New outlook on services

Certainly some institutions are already starting to think in those terms and organise their services accordingly.

At Alinma Bank in Saudi Arabia, Abdullah Mohammed Al-Amri says that his institution’s transaction banking priorities are the integration of cash management services into one system, and supply chain financing.

“Alinma is building the main services in blocks style, under the umbrella of one system, while increasing the customer base,” he explained to Cash & Trade.

Today’s banking market demands a readiness to constantly adapt and keep pace with the emergence of new needs and new techniques.

And this is exemplified by the steady increase in the use of the Bank Payment Obligation (BPO).
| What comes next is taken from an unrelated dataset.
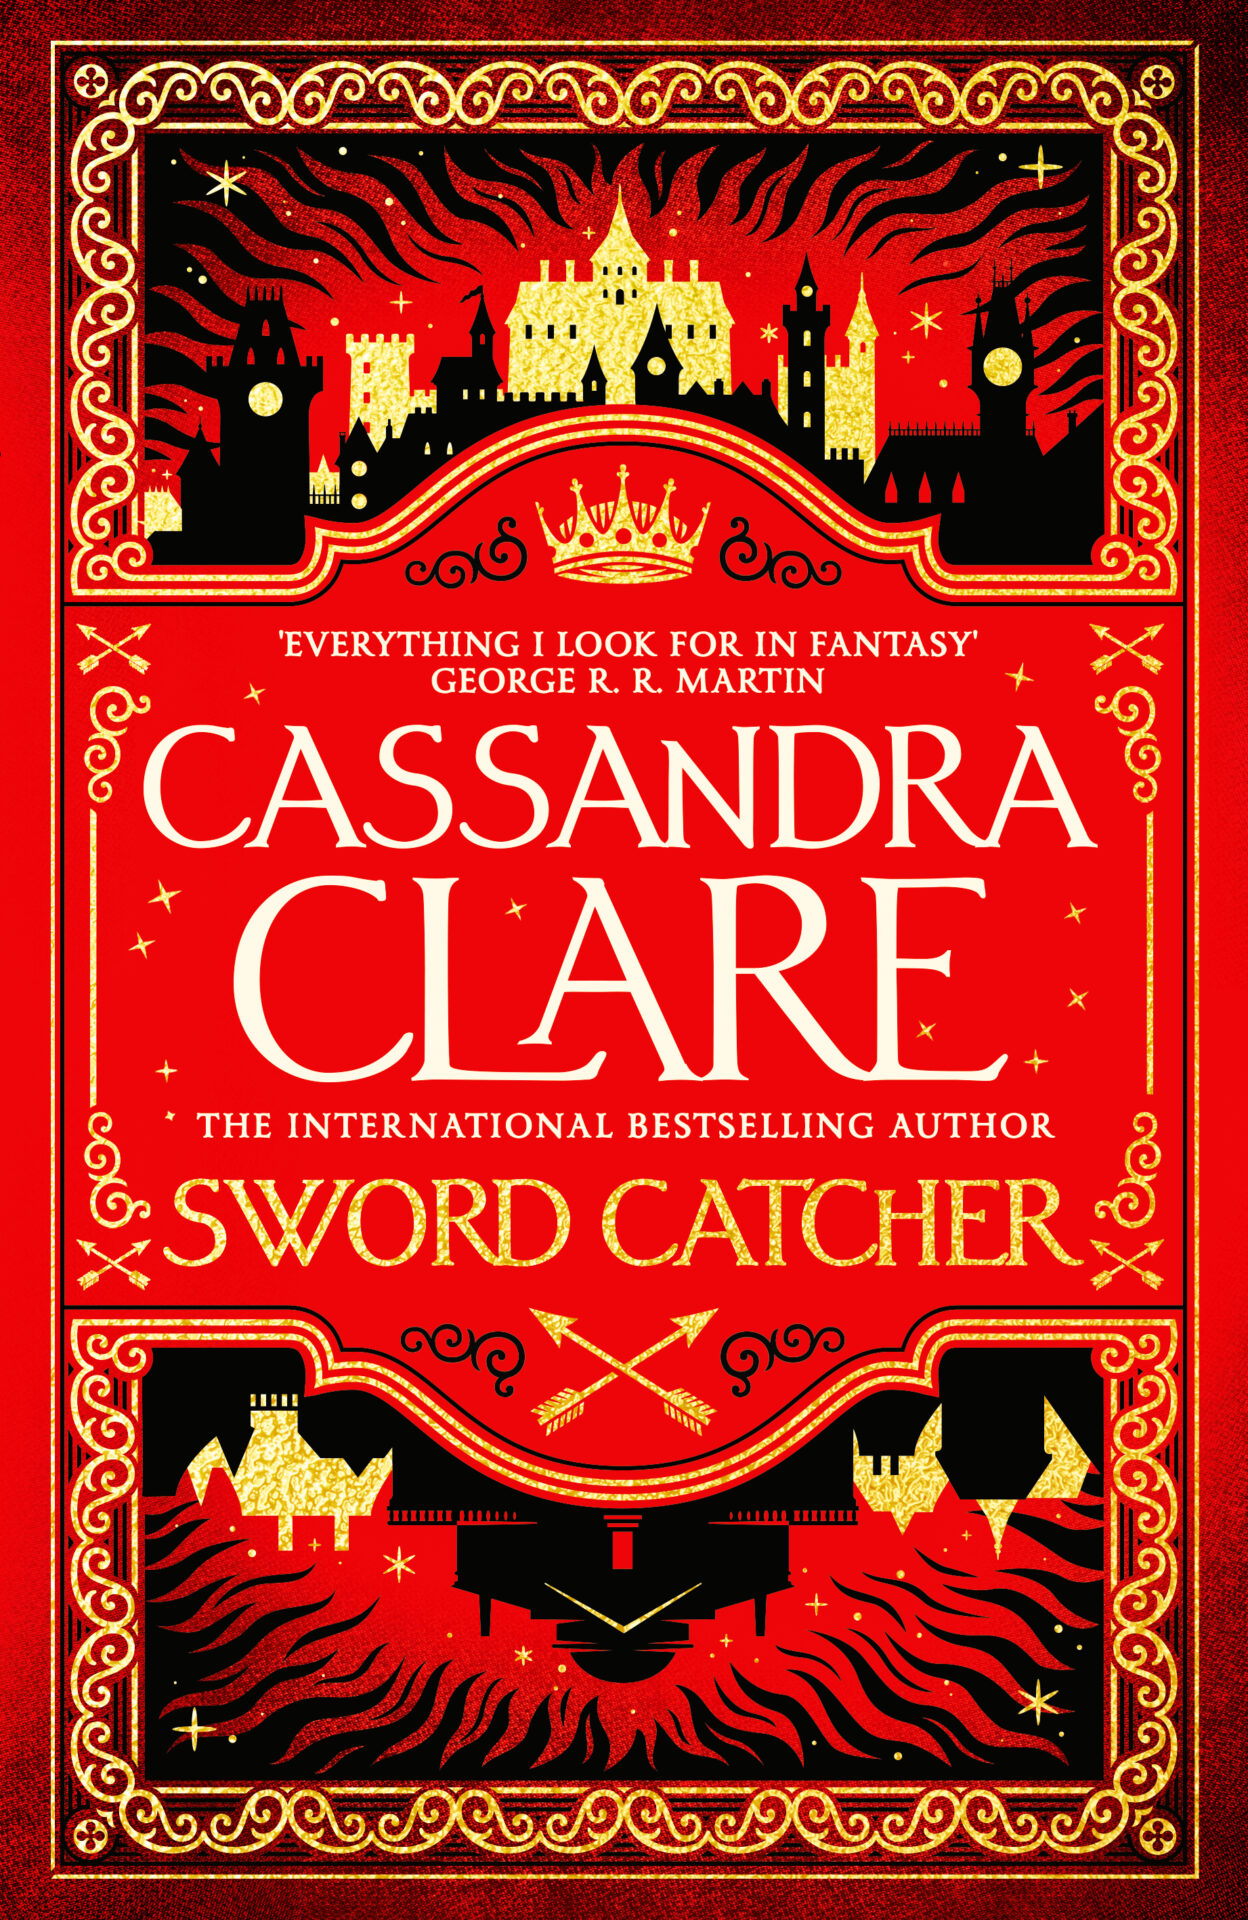 Cassandra Clare sued for copyright infringement over Shadowhunter series

The BPO – an irrevocable undertaking given by one bank to another bank that payment will be made on a specified date after a specified event has taken place – provides the benefits of a letter of credit in an automated environment, without the drawbacks of manual processing associated with traditional trade finance.

At present only a minority even of major banks are fully equipped to offer the BPO, Misys found – partly because many business clients are only just starting to ask for much more basic products such as supply chain finance.

However, as with other transaction banking developments, demand is strongest in Asia Pacific. So now a significant minority of major banks are preparing to invest in the systems that will allow them to offer the BPO as a matter of routine.

What looks like a minority interest may now become mainstream practice before long, and Middle Eastern banks will probably need to keep pace if they want to keep their major corporate clients.

Further pressure to keep up is flowing from the way that some big banks are starting to rethink the role of correspondent relationships with regional players in markets around the world.

Many regional banks in the Gulf and elsewhere have traditionally derived much business through their correspondent ties with the big global institutions. But some global giants are now seeking to cut costs through automation and a reduced use of traditional correspondent banks in other countries.

Regional banks that find themselves on the wrong end of such decisions may have to decide whether to pull out of trade finance and international payments business based on correspondent links and become purely domestic – or whether to make the investments required if they are to offer these services in an efficient and cost-competitive form themselves.

“The ability to compete in the trade market requires a significant investment in time, money, people and technology. These high investment demands will continue to drive consolidation across the industry,” argues Hennah.

“This trend has been and will be accelerated further by the decisions made by Tier 1 banks to limit their credit lines and hence limit their correspondent banking relationships with lower-tier counterparties, driving some of those banks either to outsource or potentially to exit the trade business altogether.”

If Hennah’s analysis proves right, MENA banks will either have to find ways to provide competitive electronic international transaction services themselves or identify third parties who can help them do so.